## To do
Since the copy must hold text only, transcribe the data below exactly and omit the images.

## Data
BEGIN

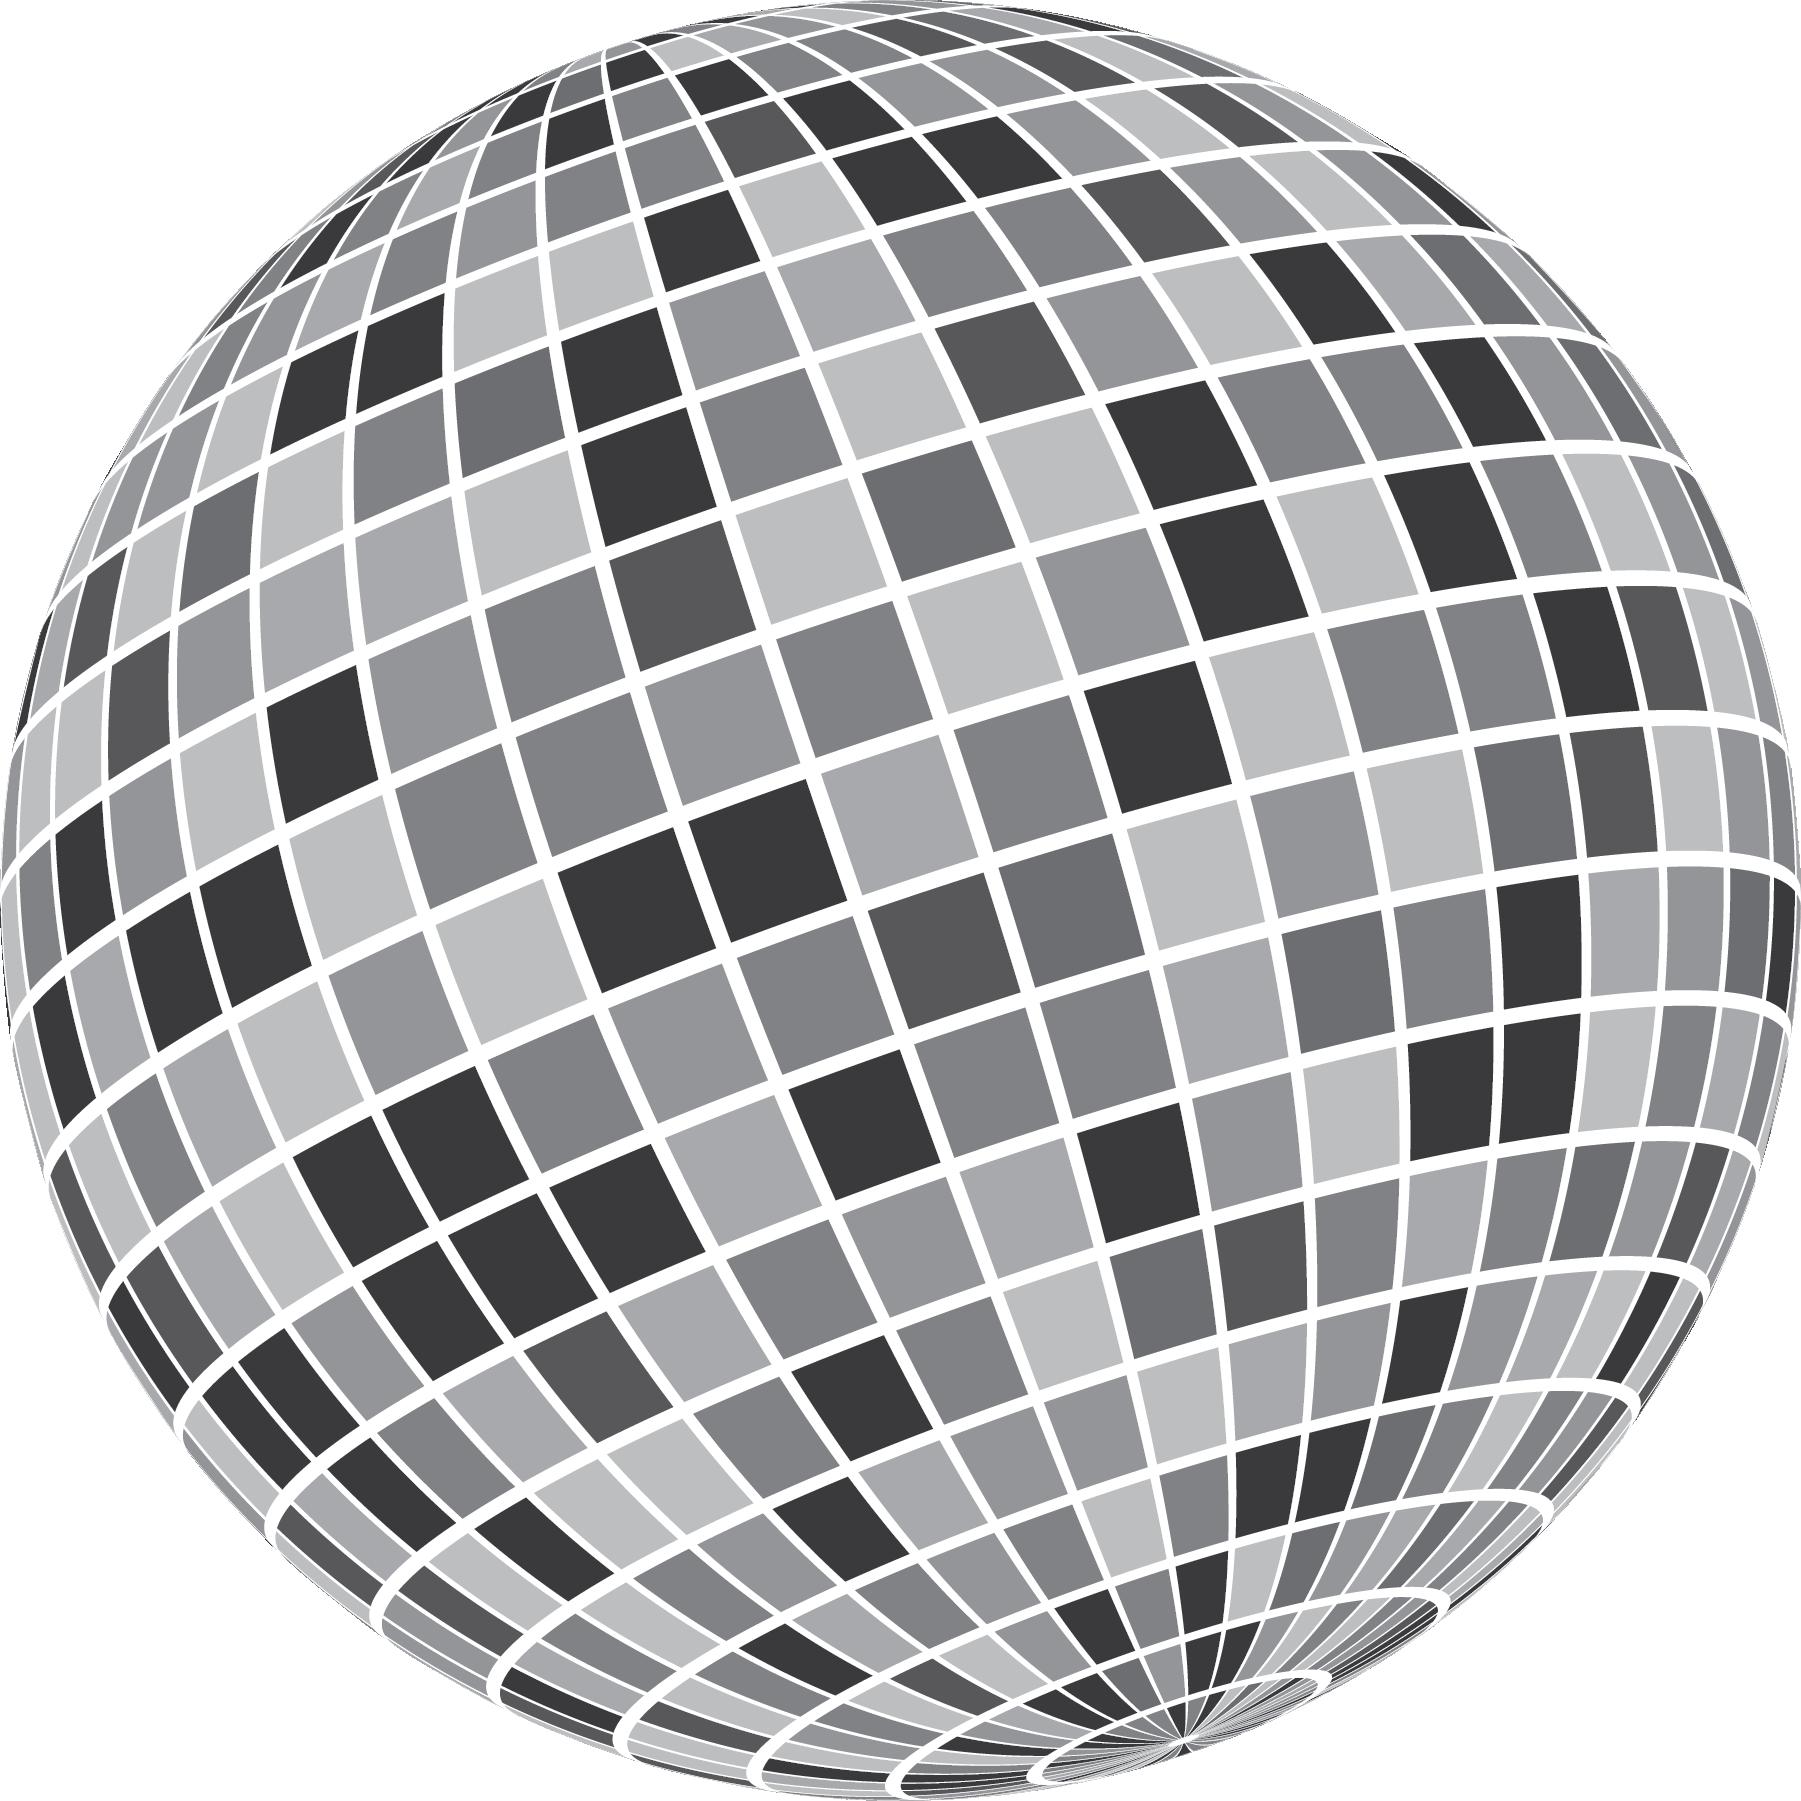 Disco Ball Drawing Disco ball drawing disco ball.
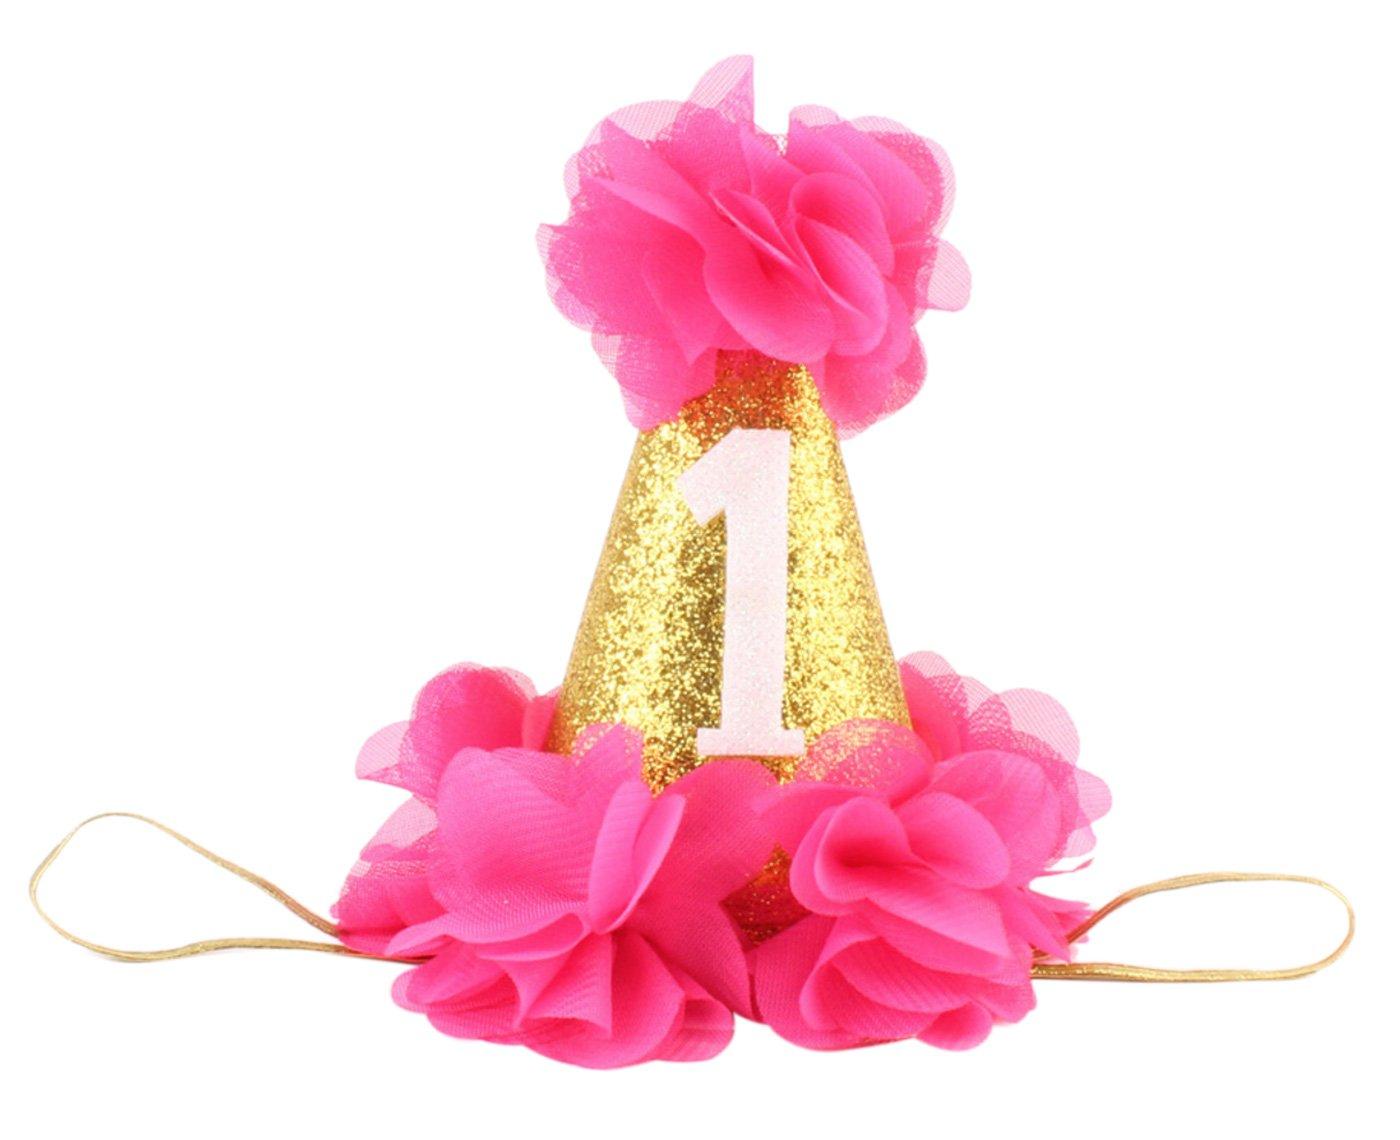 Infant Baby 1st Birthday Headband Sparkling Wedding Party Bridal Crown Delicate Prom Tiara Hair Accessories Ornaments with Golden Headband Pink Aivtalk FHBK1011
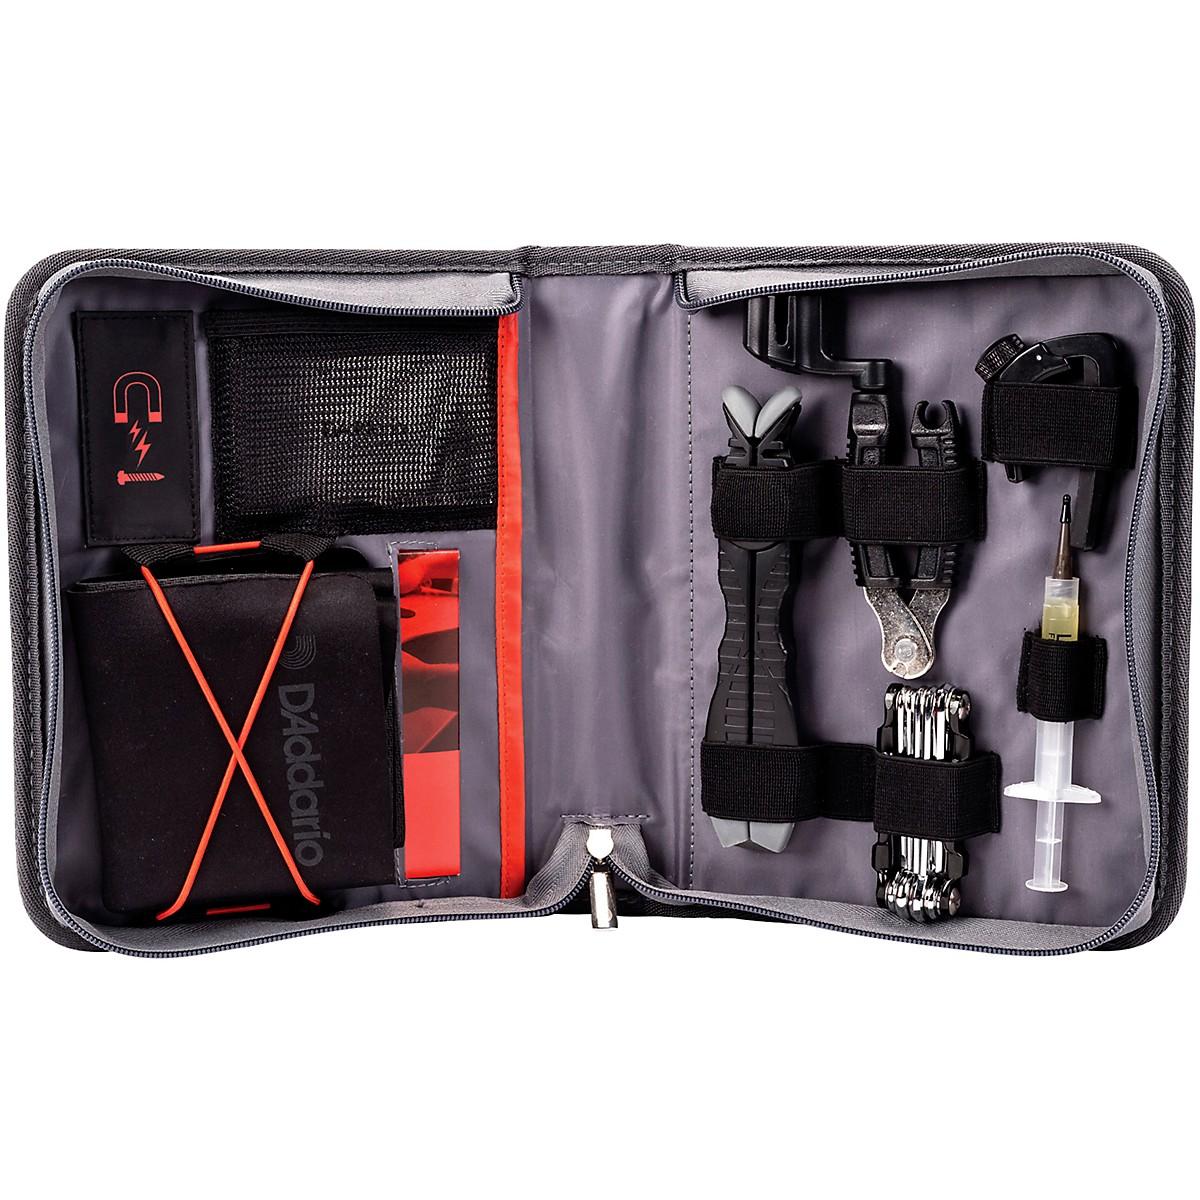 D'Addario Planet Waves Premium Guitar Maintenance Kit

END

## Answer section
 Disco Ball Drawing Disco ball drawing disco ball.
 Infant Baby 1st Birthday Headband Sparkling Wedding Party Bridal Crown Delicate Prom Tiara Hair Accessories Ornaments with Golden Headband Pink Aivtalk FHBK1011
 D'Addario Planet Waves Premium Guitar Maintenance Kit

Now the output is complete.